Двое из них, стоявшие возле самой реки, свалились в воду, и на них накатывались волны, расходившиеся от его шагов. Два других лежали на берегу, и, выходя на сушу, он даже не взглянул на трупы, а направился к одиноким деревьям. Одно из них обнимал пятый — так и не успел спрятаться. Он вытер рукавом лицо и взглянул на верхушки. Ветви живописно вырисовывались на сером фоне неба.
— Ну и ну. Значит, вырвался? — удивлялся командир, меряя шагами маленькую комнатку с белыми стенами. Хлопцы уселись вдоль стен, а Николай устроился одиноко в углу на грубо сколоченном стульчике.
— Медлить нельзя, — сказал Николай.
— Да… — сказал, продолжая ходить, командир.
— А у вас какие новости? — спросил Николай.
— Немца взяли, из комендатуры. Расположение известно, вплоть до улиц, зданий и ворот. Ни с кем, кроме своего начальства, он не общался. Знаком с какой-то секретаршей. Вия Жукаускас. Часто выезжает из города в Балички, где остается ночевать. У кого точно — неизвестно.
— Это уже кое-что.
— Ты так считаешь?
— Сразу не привлечь внимания. Как-никак женщина, могут быть интимные отношения.
— Глупости.
Николай пожал плечами.
— Больше ничего?
Командир перестал мерить шагами комнату.
— Алекс вот вернулся с экскурсии. Поделись впечатлениями, Алекс.
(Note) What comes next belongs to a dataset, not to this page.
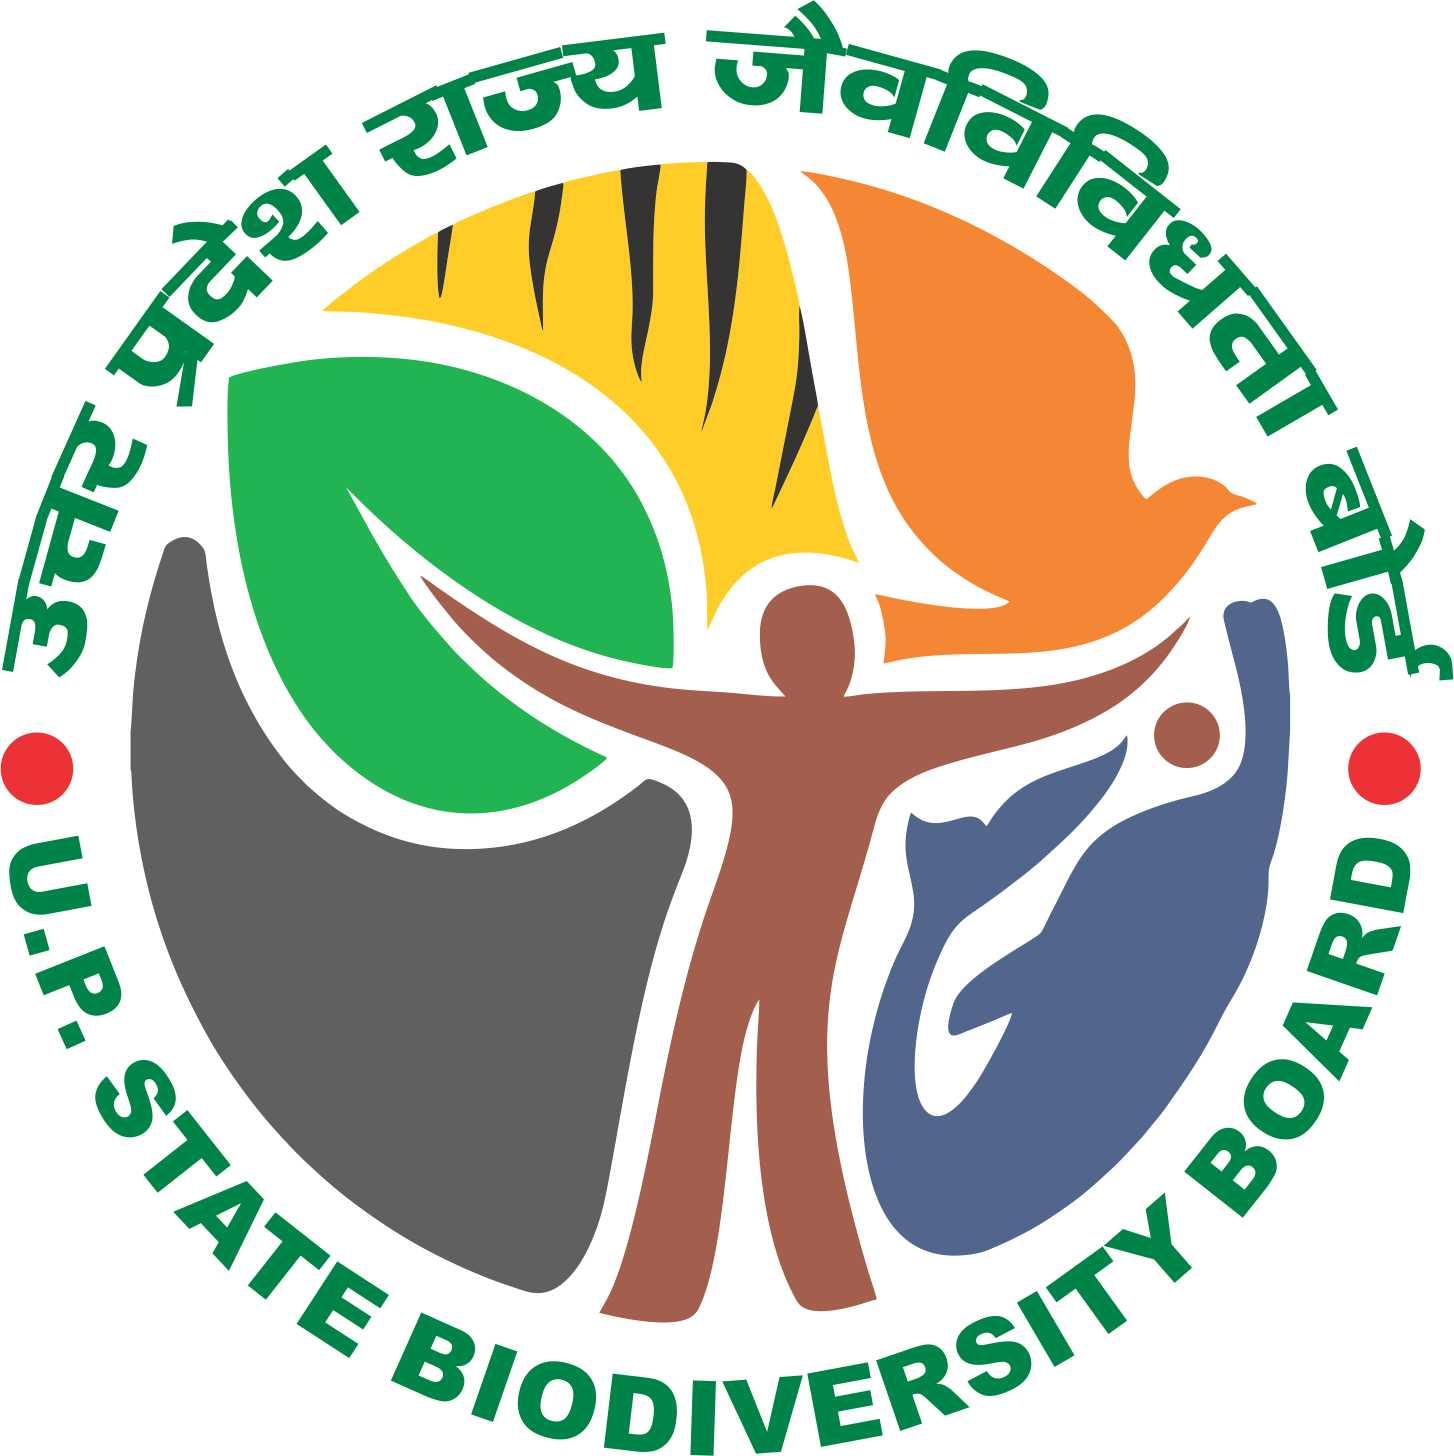 urbanization biodiversity and conservation pdf

— Я сел в поезд, сошел на предпоследней, перед городом, где сходит эта медхен, Балички? Да, Балички. Встретил медика ихнего, ехал к месту назначения… Документы я прихватил… форму… Вот и все.
— У одного есть возможность появиться в городе без особого риска, — сказал Николай. Командир снова начал шагать по комнате, прикидывая вслух, много ли знает секретарша.
— Ее бы и спросить обо всем, — предложил кто-то из хлопцев.
— С ней лучше поговорить тому, кто станет медиком, верно? — предложил вариант Николай.
— Вслепую лезть нельзя. Необходимо ее понаблюдать. Давайте решим, кто пойдет.
— Николай, — сказал Чеслав.
— Почему вдруг я?
— Девчата тебя, судя по всему, обожают. Парень ты симпатичный.
— Действительно, — сказал командир, — язык знаешь, стрелять умеешь…
— Вот Антонас литовец, у нее тоже фамилия, видать, литовская. Землячка… — Николай никак не мог представить себя в новой роли.
— Землячество не имеет никакого значения, — вскипел вдруг командир. — Ты что, отказываешься? Это приказ.
— Слушаюсь! — сказал Николай. — А вдруг я не в ее вкусе?
— Брось. У нас мало времени. Хлопцы, всем спать. Бах, готовь документы. Деньги, все до пфеннига, отдайте Николаю. С поезда на ходу прыгать умеешь? Выкладывайте все запасы.
Утром в Баличках останавливался пассажирский поезд, всего на две минуты; ему надлежало пропустить состав, следовавший с фронта. Балички находились от города не в одном километре, но здесь жили служащие различных городских учреждений, даже офицеры некоторых подразделений, так что небольшую прибыль железнодорожное ведомство рейха все же имело.
Осенняя роса, наверное, выпала в последний раз — не изморось, а настоящая роса, что предвещало теплый и прозрачный день. Листья пристанционных кленов тронула желтизна, однако они казались зеленоватыми. Минуя их, солнечные лучи делали красными потемневшие от ржавчины крыши строений.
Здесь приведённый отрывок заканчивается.